I often get asked “So what exactly is Multifamily Syndication?”. Well, I am not surprised because it was just a few years ago that I had the same question. I admit, back then in my vocabulary the term ‘syndication’ had more to do with media than with real estate. The dictionary still has two meanings for the word syndication (/ˌsindəˈkāSH(ə)n/)
- the sale or licensing of material for publication or broadcasting by a number of television stations, periodicals, etc.
- the transfer of something for control or management by a group of individuals or organizations.
The phrase Multifamily Syndication stems from that second definition. Sort of.
Another reason Multifamily Syndication isn’t a household term is that till recently real estate syndications were regulated by SEC in a way that they were not accessible to everyone. That has changed since.
Syndication can be for any Real Estate asset class but I would limit this to Multifamily (aka Apartment) Syndication for now.
So what exactly is Multifamily Syndication?
Simply put, Multifamily Syndication is a group investment. An alliance where people pool their resources to purchase larger assets (apartments buildings) that would be otherwise hard to acquire individually. This partnership also allows the syndicators to share the returns and risks for the investment.
How does Multifamily Syndication work?
The key players in this partnership are the General Partners also referred to as GPs and Limited Partners or LPs (aka the investors).
The General Partners put the deal together and are responsible for managing the show. Typically it is a group of people who contribute on different aspects of the syndication from finding the perfect deals, underwriting it, secure financing, gathering and forming a relationship with the investors, negotiating with the seller, performing due diligence. Basically they do everything that’s needed to run the syndication.
On the other hand, Limited Partners are passive investors who invest their money in return for equity in the deal. Typically they will receive a cash flow from share of the profits every quarter. They also receive monthly and quarterly reports about the performance of the asset.

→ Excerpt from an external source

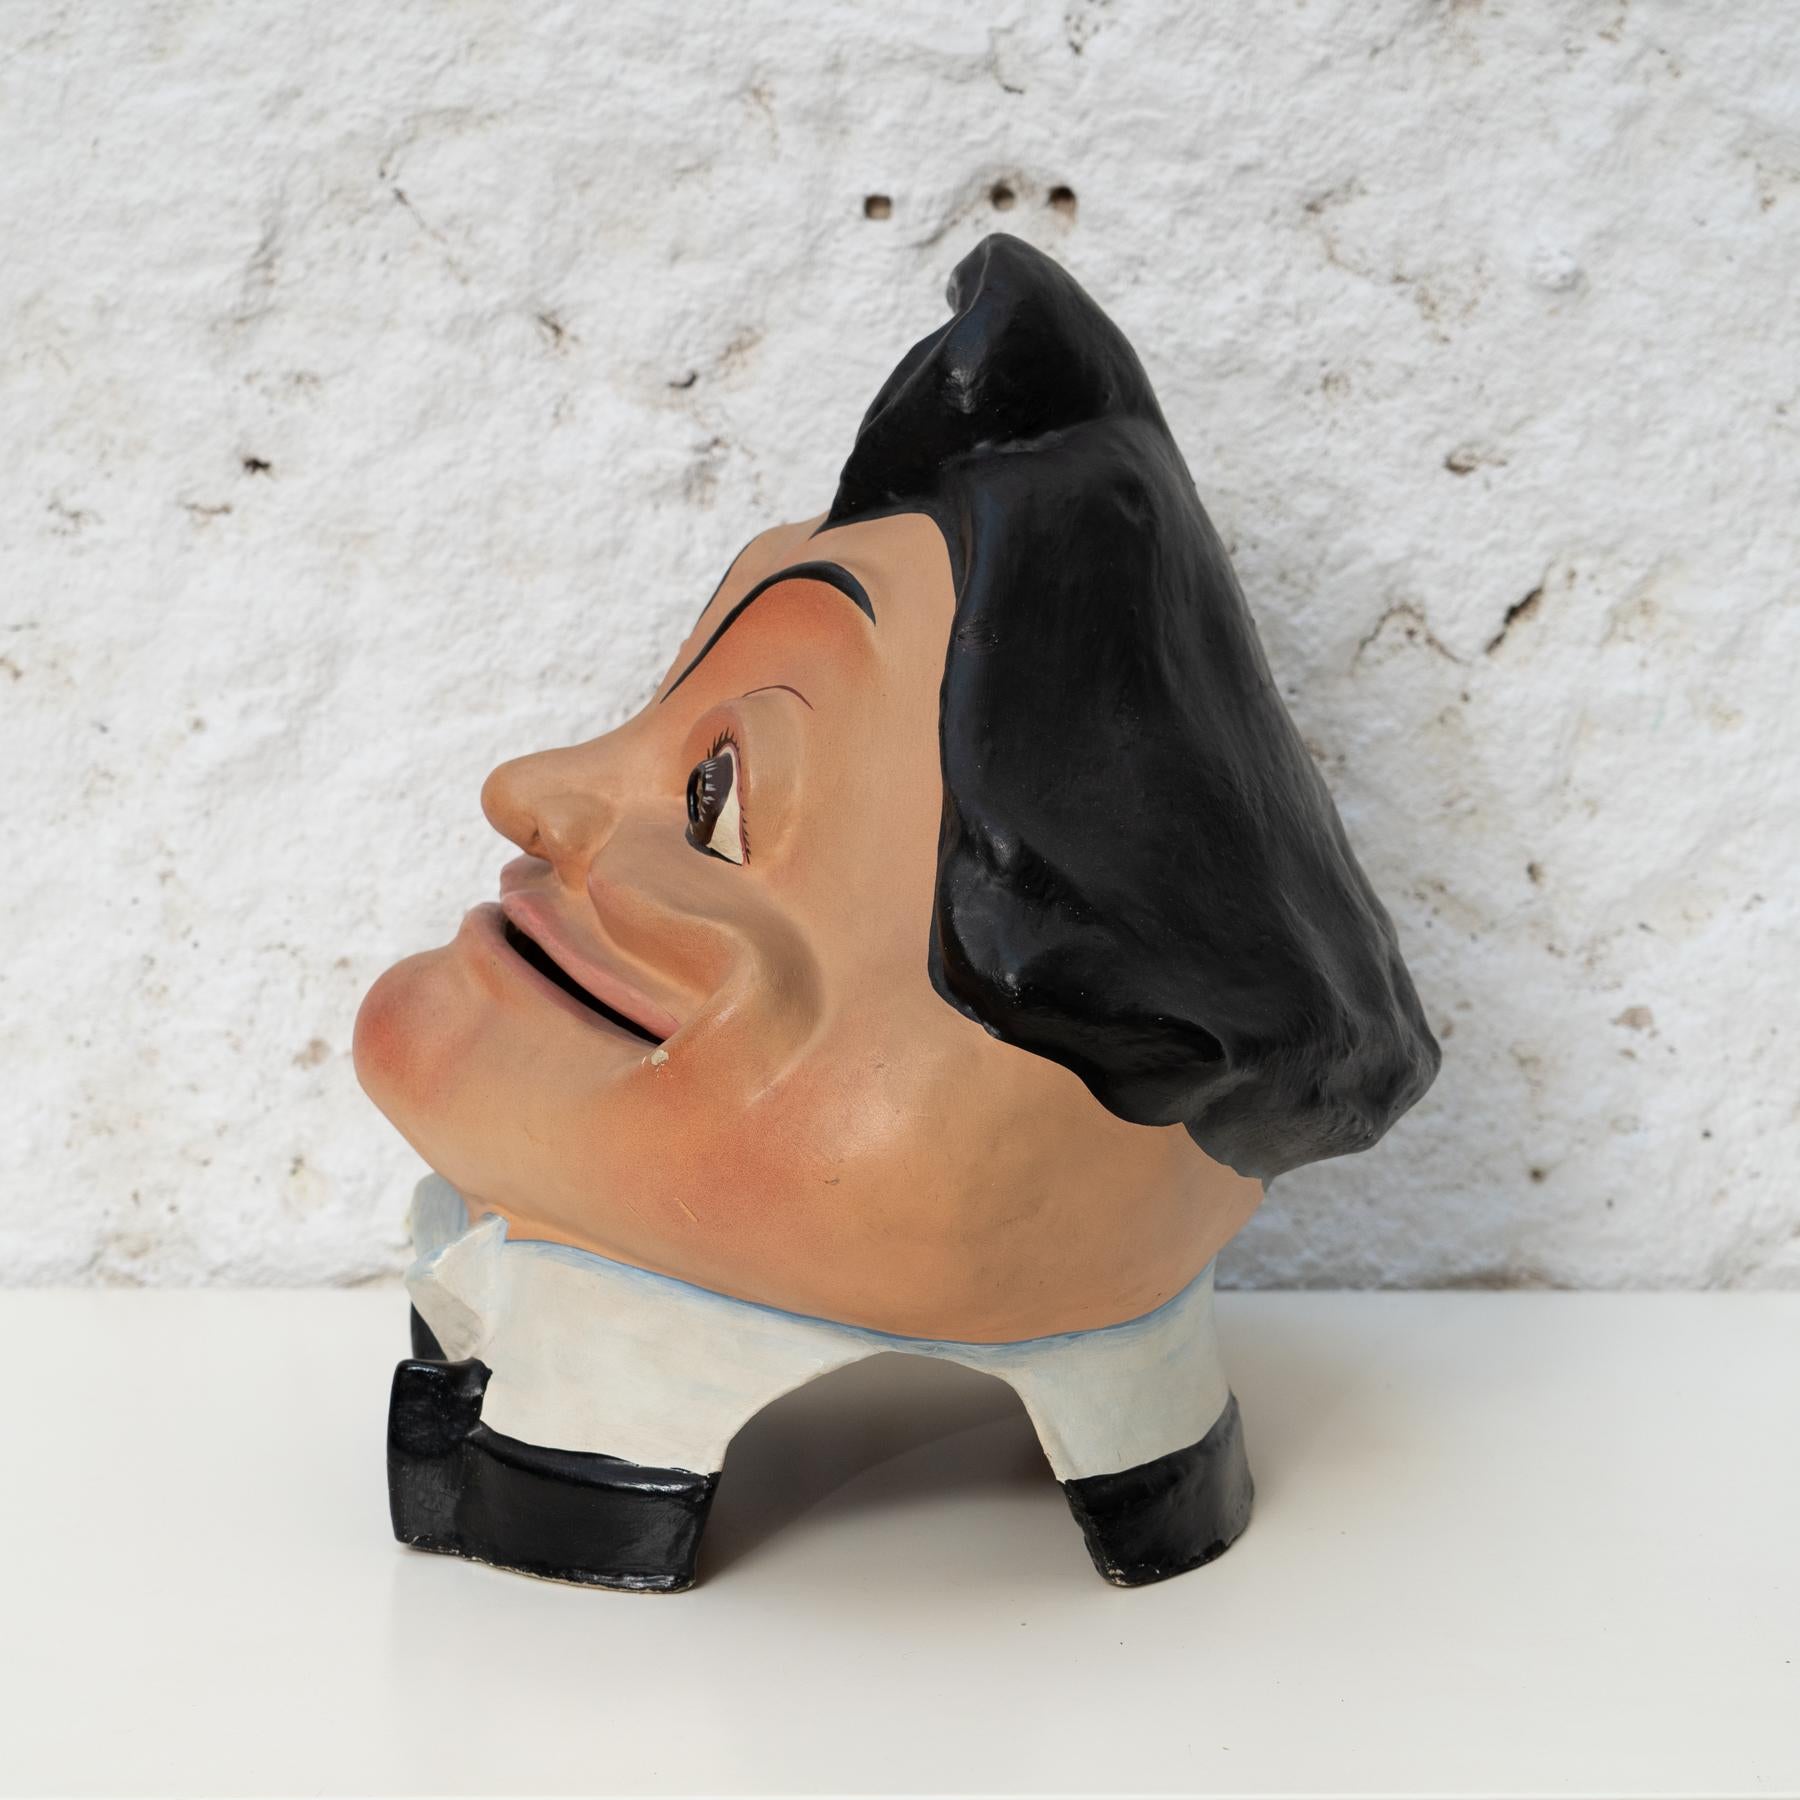 Skurrile Tradition: 'Cap Gros' Pappmaché-Netól-Figur, um 1970 (Ende des 20. Jahrhunderts) im Angebot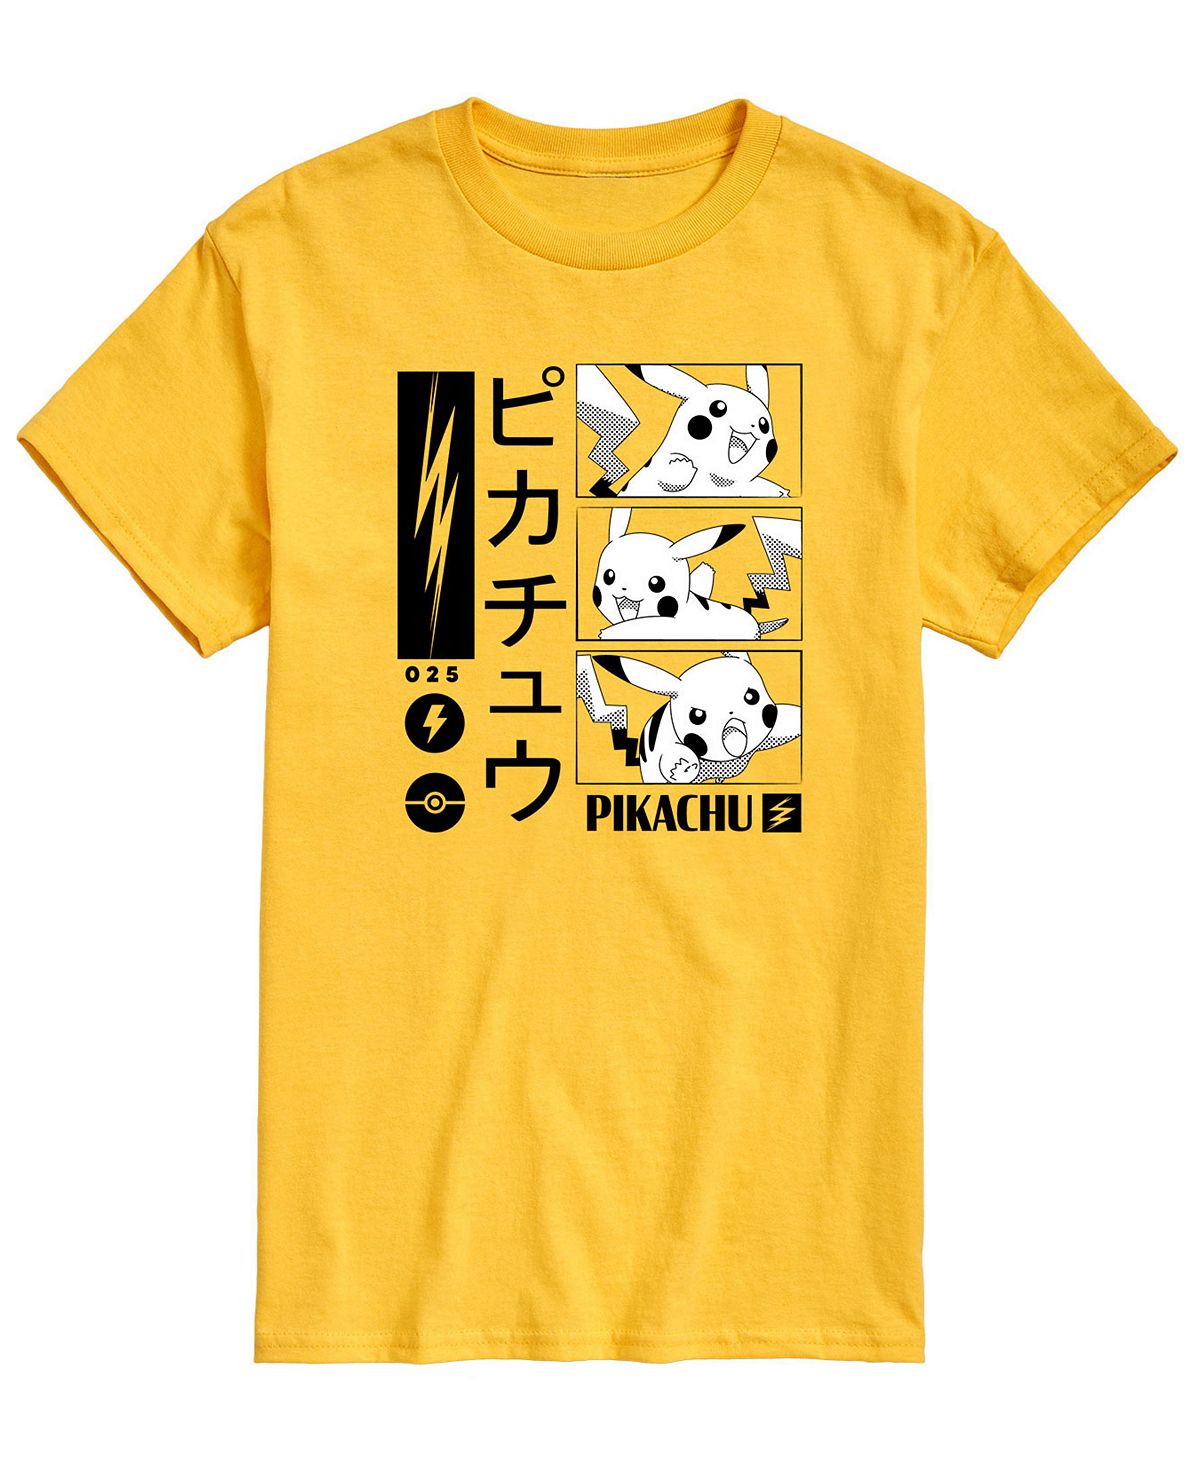 Мужская футболка с рисунком Pokemon Kanji Pika AIRWAVES мужская футболка с длинным рукавом pokemon pika pika pika airwaves черный

The Property Management Group is also vital part of the syndication but may or may not be part of the GP team. They manage the day-to-day operations of the property along with any onsite staff and remain responsible for the execution of the syndicator’s business plan.
Once the deal is under contract, the property management group will go in and will help the general partner with the due diligence process. From inspecting the property to creating the due diligence report, the property management group will help throughout the process. This also involves other due diligence experts to evaluate the property structure and any environmental issues.
Why invest in a Multifamily Syndication?
Investing in real estate can be very expensive. Multifamily Syndication gives you the opportunity to invest your money in large assets like an apartment buildings that provide economies of scale and are professionally managed. Here’s what’s in it for you when you invest your money in a multifamily syndication as a passive investor.
Syndications allows you to earn an income without putting any time in managing the property (think purely passive). With the general partners doing all the work, from due diligence to property management, you won’t have to worry about a thing. Passive income is the ultimate way to financial freedom.
I am not a CPA or Tax attorney so I am not qualified to give you tax advise but I’d urge you to look into how real estate has advantages over nearly every other investment. Multifamily investors are allowed to write off 1/27 of the value of the building each year as an expense. Additionally, you can perform a cost segregation analysis, which results in a depreciation of 90% of the apartment building’s value over seven years. Again, please contact your CPA to see how this investments fits with your tax strategy.
Even though you are a partner in a multi million dollar asset, being a Limited Partner shields you from any loan liability or any other legal issues that may come up with the property.
You’ve heard of OPM (Other People’s Money) but being a passive investor allows you to benefit for OPS (Other People’s Skills). You just have to do your homework in vetting the syndication team and the deal before you decide to invest.
So what role does Smart Capital play?
If you are new to Multifamily Syndication, the journey can be a bit overwhelming as every deal is very unique and requires proper attention to detail. As a General Partner, Smart Capital’s role is to ensure –
- Investors’ interest (preserving and growing capital) are kept ahead of the general partners
- The deal is structured keeping our investors in mind first
- The underwriting in conservative and has multiple exit strategies
- Capital needed to acquire the property and doing the renovations is raised within the SEC guidelines
- Timely investor relations is maintained with absolute transparency
Smart Capital is like a trusted concierge and a tour guide throughout your syndication journey. Like any other investments, investing in a multifamily syndicate can be risky and you could lose your everything you invested. Smart Capital provides the necessary education and guidance, enabling passive investors to make ‘smart’ investing decisions when it comes to Multifamily Syndication.